Diversification Opportunities for Regions Financial and Prosiebensat
-0.55 | Correlation Coefficient |
Excellent diversification
The 3 months correlation between Regions and Prosiebensat is -0.55. Overlapping area represents the amount of risk that can be diversified away by holding Regions Financial Corp and Prosiebensat 1 Media in the same portfolio, assuming nothing else is changed. The correlation between historical prices or returns on Prosiebensat 1 Media and Regions Financial is a relative statistical measure of the degree to which these equity instruments tend to move together. The correlation coefficient measures the extent to which returns on Regions Financial Corp are associated (or correlated) with Prosiebensat.

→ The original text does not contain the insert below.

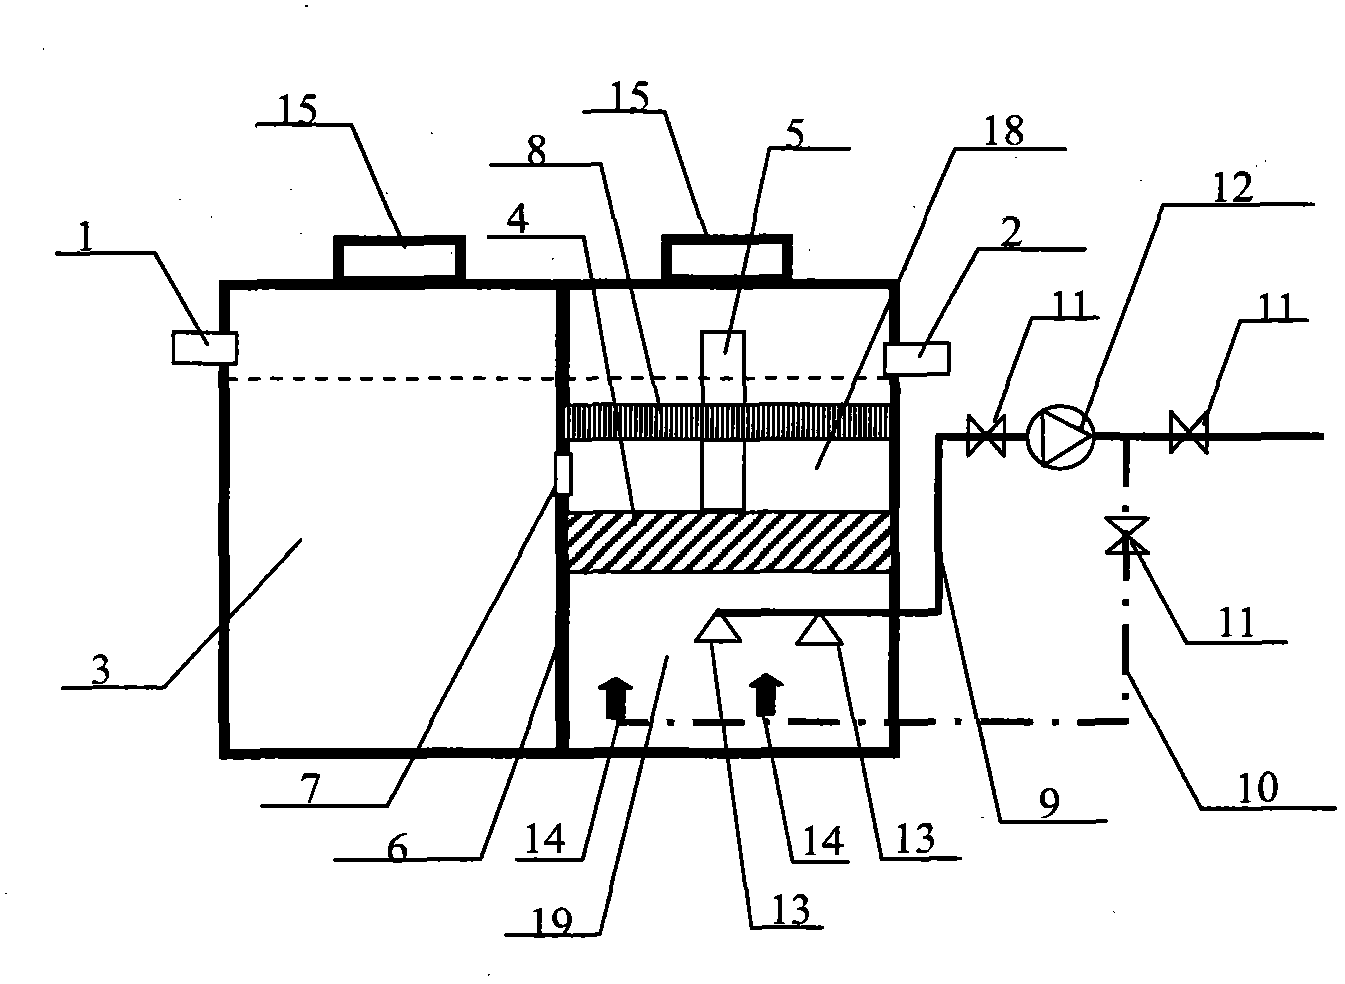 Digested sludge recycling method and device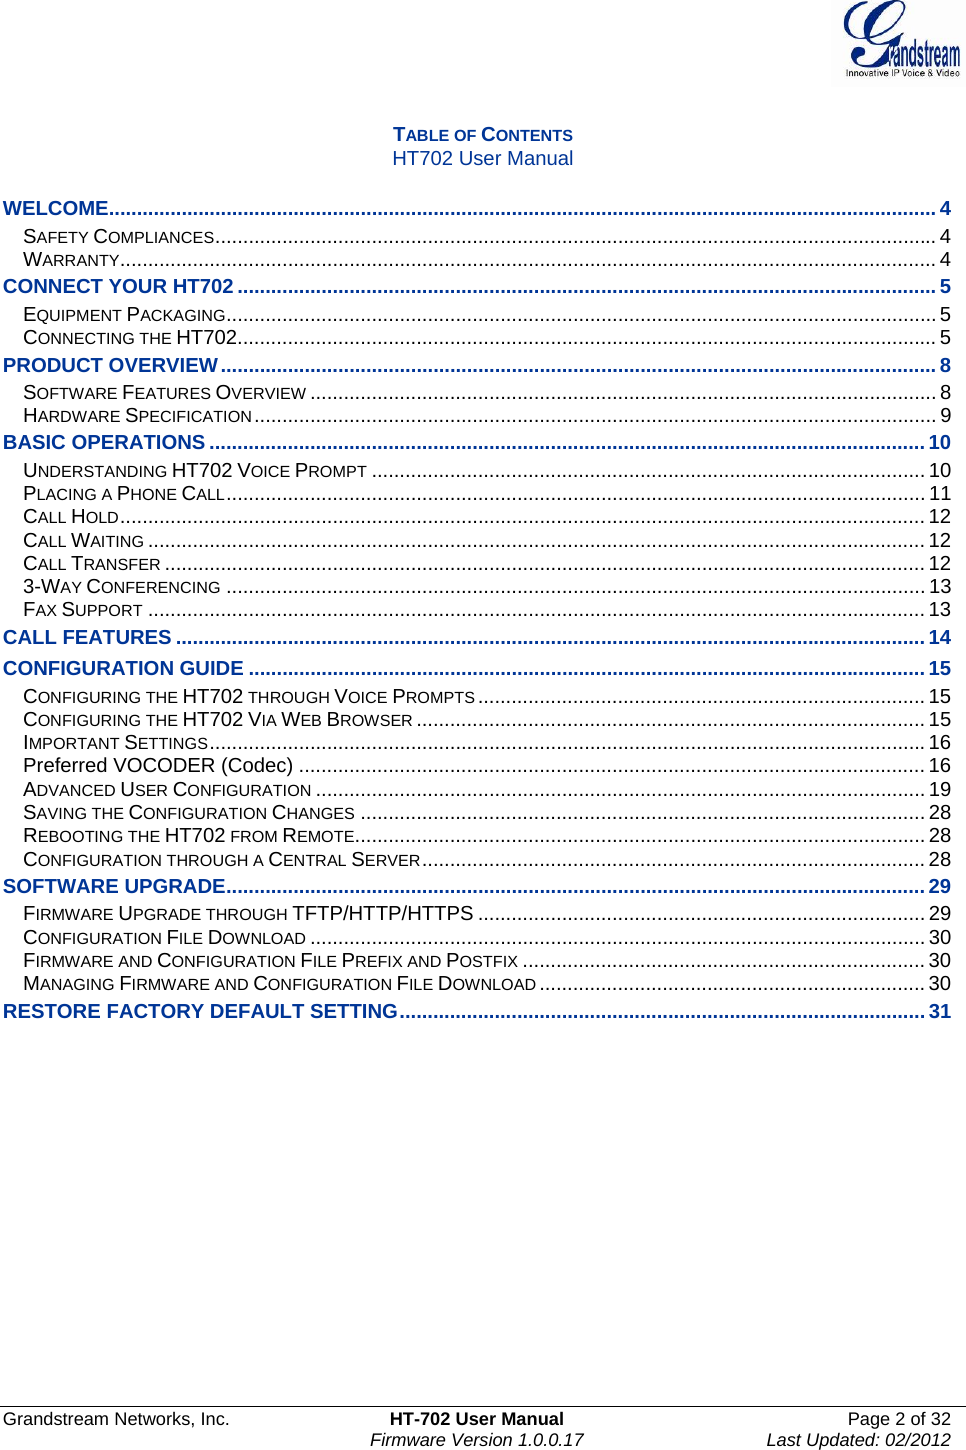  Grandstream Networks, Inc.  HT-702 User Manual  Page 2 of 32    Firmware Version 1.0.0.17  Last Updated: 02/2012   TABLE OF CONTENTS HT702 User Manual  WELCOME.................................................................................................................................................... 4SAFETY COMPLIANCES................................................................................................................................. 4WARRANTY.................................................................................................................................................. 4CONNECT YOUR HT702 ............................................................................................................................. 5EQUIPMENT PACKAGING...............................................................................................................................5CONNECTING THE HT702............................................................................................................................. 5PRODUCT OVERVIEW................................................................................................................................ 8SOFTWARE FEATURES OVERVIEW ................................................................................................................ 8HARDWARE SPECIFICATION.......................................................................................................................... 9BASIC OPERATIONS ................................................................................................................................10UNDERSTANDING HT702 VOICE PROMPT ................................................................................................... 10PLACING A PHONE CALL............................................................................................................................. 11CALL HOLD................................................................................................................................................ 12CALL WAITING ........................................................................................................................................... 12CALL TRANSFER ........................................................................................................................................ 123-WAY CONFERENCING ............................................................................................................................. 13FAX SUPPORT ........................................................................................................................................... 13CALL FEATURES ......................................................................................................................................14CONFIGURATION GUIDE .........................................................................................................................15CONFIGURING THE HT702 THROUGH VOICE PROMPTS ................................................................................ 15CONFIGURING THE HT702 VIA WEB BROWSER ........................................................................................... 15IMPORTANT SETTINGS................................................................................................................................16Preferred VOCODER (Codec) ................................................................................................................ 16ADVANCED USER CONFIGURATION ............................................................................................................. 19SAVING THE CONFIGURATION CHANGES ..................................................................................................... 28REBOOTING THE HT702 FROM REMOTE...................................................................................................... 28CONFIGURATION THROUGH A CENTRAL SERVER.......................................................................................... 28SOFTWARE UPGRADE.............................................................................................................................29FIRMWARE UPGRADE THROUGH TFTP/HTTP/HTTPS ................................................................................ 29CONFIGURATION FILE DOWNLOAD .............................................................................................................. 30FIRMWARE AND CONFIGURATION FILE PREFIX AND POSTFIX ........................................................................ 30MANAGING FIRMWARE AND CONFIGURATION FILE DOWNLOAD ..................................................................... 30RESTORE FACTORY DEFAULT SETTING..............................................................................................31

Values of the correlation coefficient range from -1 to +1, where. The correlation of zero (0) is possible when the price movement of Prosiebensat 1 Media has no effect on the direction of Regions Financial i.e., Regions Financial and Prosiebensat go up and down completely randomly.
Pair Corralation between Regions Financial and Prosiebensat
Assuming the 90 days trading horizon Regions Financial Corp is expected to generate 0.66 times more return on investment than Prosiebensat. However, Regions Financial Corp is 1.51 times less risky than Prosiebensat. It trades about 0.04 of its potential returns per unit of risk. Prosiebensat 1 Media is currently generating about -0.09 per unit of risk. If you would invest 2,350 in Regions Financial Corp on October 22, 2024 and sell it today you would earn a total of 94.00 from holding Regions Financial Corp or generate 4.0% return on investment over 90 days.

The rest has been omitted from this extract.